Introduction: Seasonal influenza is associated with approximately 290,000–640,000 deaths worldwide each season, and impacts approximately 21 million people in the United States annually, resulting in significant public health and economic burdens. Preventing viral illnesses such as influenza is truly a global concern, given the potential for transmission in a modern, global culture, with this global risk and impact having been emphasized by the ongoing COVID-19 pandemic. People with diabetes (PWD), face increased risks from influenza, including poor glycemic control, pneumonia, premature death, acute cardiovascular complications, and hospitalizations which may result in a significant burden to the personal costs of healthcare for PWD. Vaccination remains the most effective primary prevention method against influenza, with effectiveness ranging from 29 to 48%. Vaccination for influenza in PWD is effective in reducing the risk of hospitalizations and mortality, as well as the overall cost of hospitalizations. Influenza vaccination has also been shown to be safe for PWD and does not impact an individual’s ability to engage in daily activities in the days following vaccination5,7,9. However, vaccination rates remain suboptimal, consistently falling under the 70% vaccination rate goal set by national guidelines for all individuals in the United States. In 2015 in the United States, 61.6% of adults with diabetes received an influenza vaccine. During 2016–17, national rates of influenza vaccination were approximately 40% in adults without any high risk conditions, and 59.7% for adults with a variety of high risk conditions (including diabetes).

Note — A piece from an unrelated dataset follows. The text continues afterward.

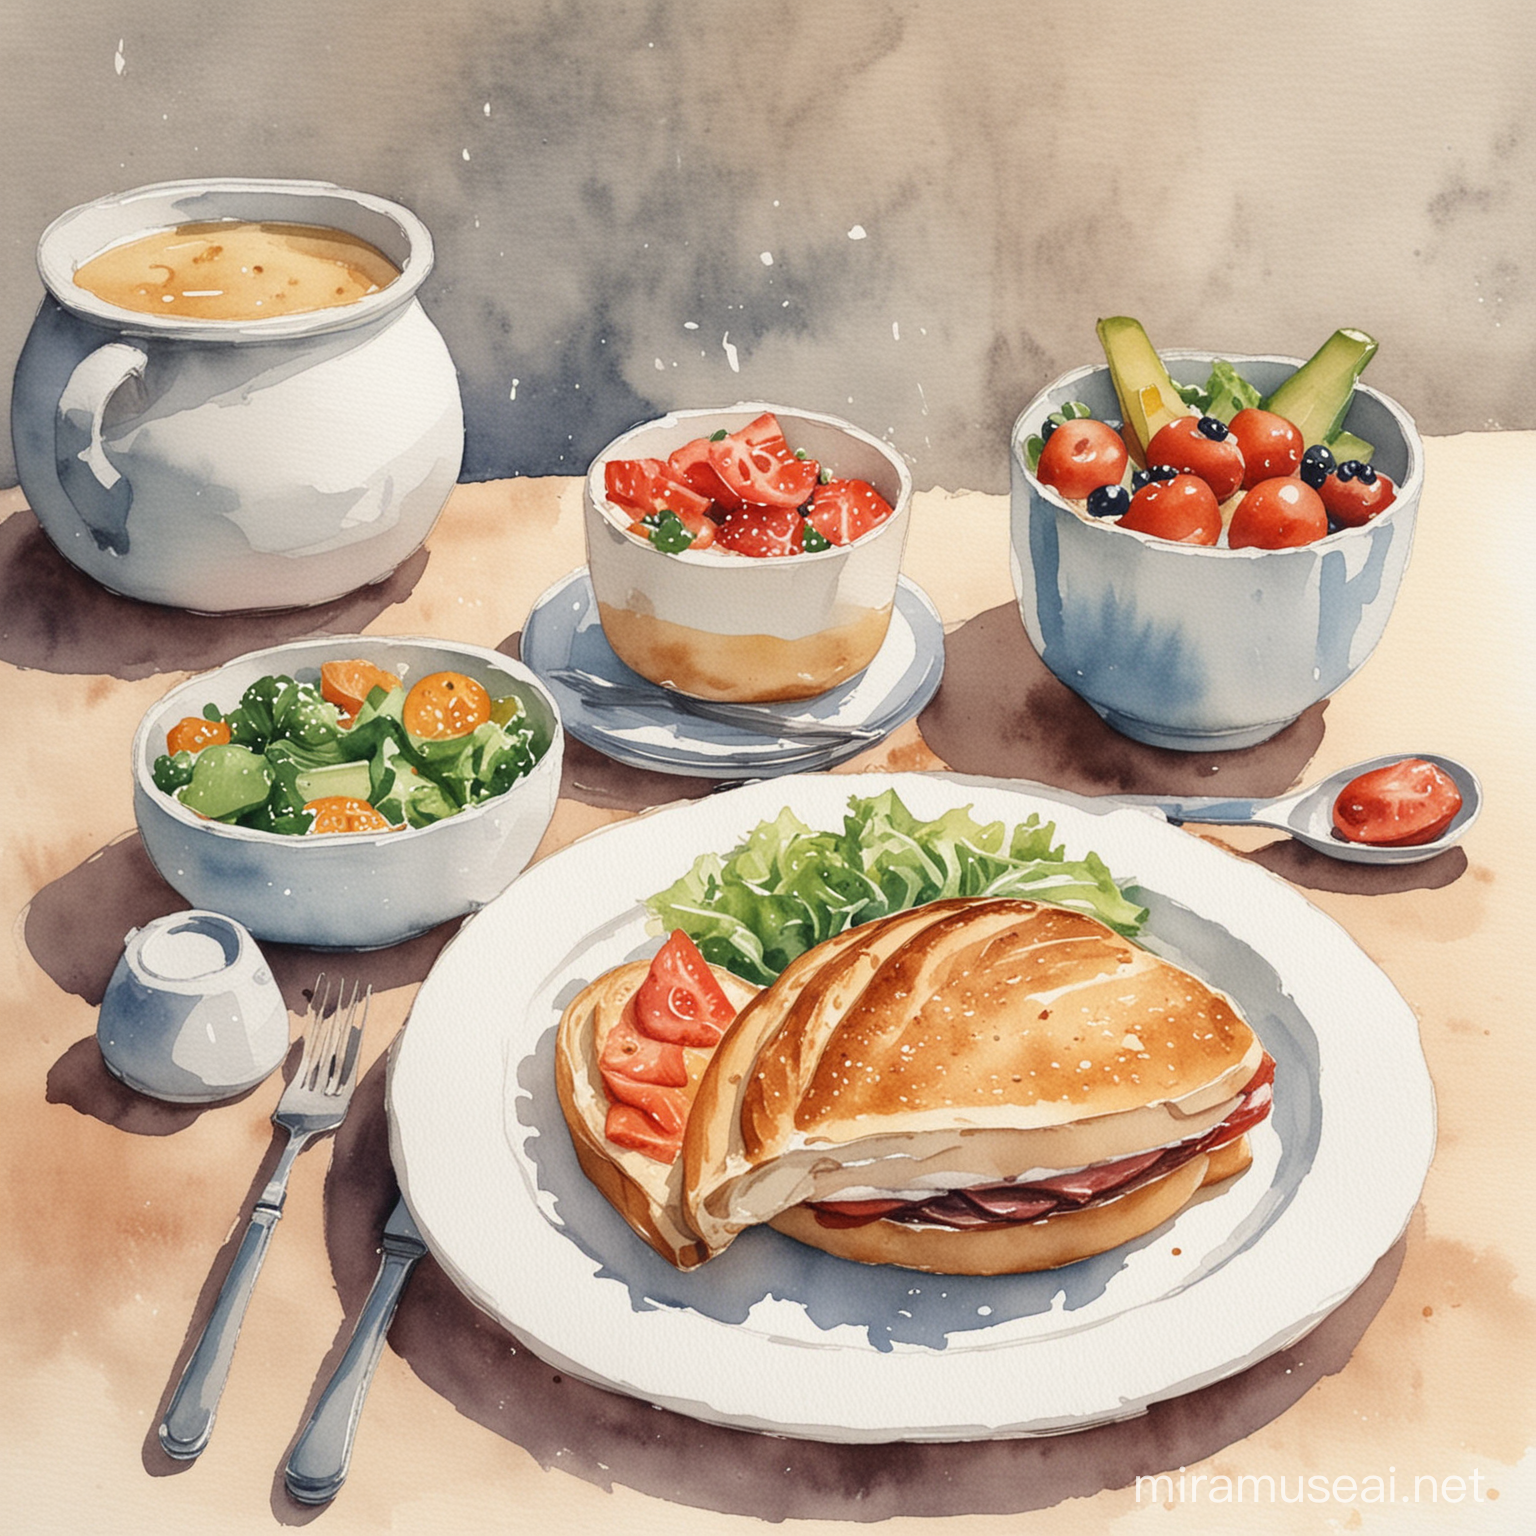 Watercolor Style Lunch Delicious Food in Artistic Splendor

Therefore there is a need for effective and scalable solutions to increase influenza vaccination rates in PWD. While a number of randomized controlled trials (RCTs) have assessed the effectiveness of interventions for increasing influenza vaccination rates, many have focused on other age groups or populations. One prospective digital interventional study demonstrated the potential effectiveness of general messaging and incentives via a health-related smartphone application (app) to increase vaccine uptake in a general Canadian population, suggesting this kind of intervention could be effective in PWD. A large RCT using digital messaging was also effective in increasing vaccination rates in the general population of adults in the United States. The use of health information technology (e.g., searching the internet for health information, emailing providers) and even simple electronic reminders delivered via digital patient portals have resulted in increased influenza vaccination rates, suggesting the potential of simple digital solutions. One of the primary reasons PWD report not getting vaccinated is a belief that they are not in a high-risk group, and providing education on the increased risk of negative health outcomes following influenza infection has shown promise in increasing vaccination rates in other populations. Additional reasons include fear of adverse reactions, difficulties with accessing the vaccine (e.g., time, health center access), or other beliefs surrounding the influenza vaccine (e.g., not effective, transmits the flu). Therefore, digital messaging that counters this lack of knowledge and barriers to vaccination could be effective for increasing uptake.
The aim of this study was to evaluate the effectiveness of a digitally administered intervention to increase influenza vaccine rates for PWD using a decentralized, blinded RCT. The primary endpoint was to examine the difference in self-reported influenza vaccination rates in 2 groups: PWD who received a digital intervention (PWD-I) and PWD who received no intervention (PWD-C). The following exploratory associations were also examined: (a) the impact of engagement with interventions on the influenza vaccination; (b) the impact of the timing of the intervention messages during influenza season on influenza vaccination status; (c) the reported level of influence on getting the influenza vaccine by each intervention message type within the PWD-I group; (d) the level of engagement with each intervention message within the PWD-I group; and (e) the impact of a healthcare worker’s recommendation on getting the influenza vaccine.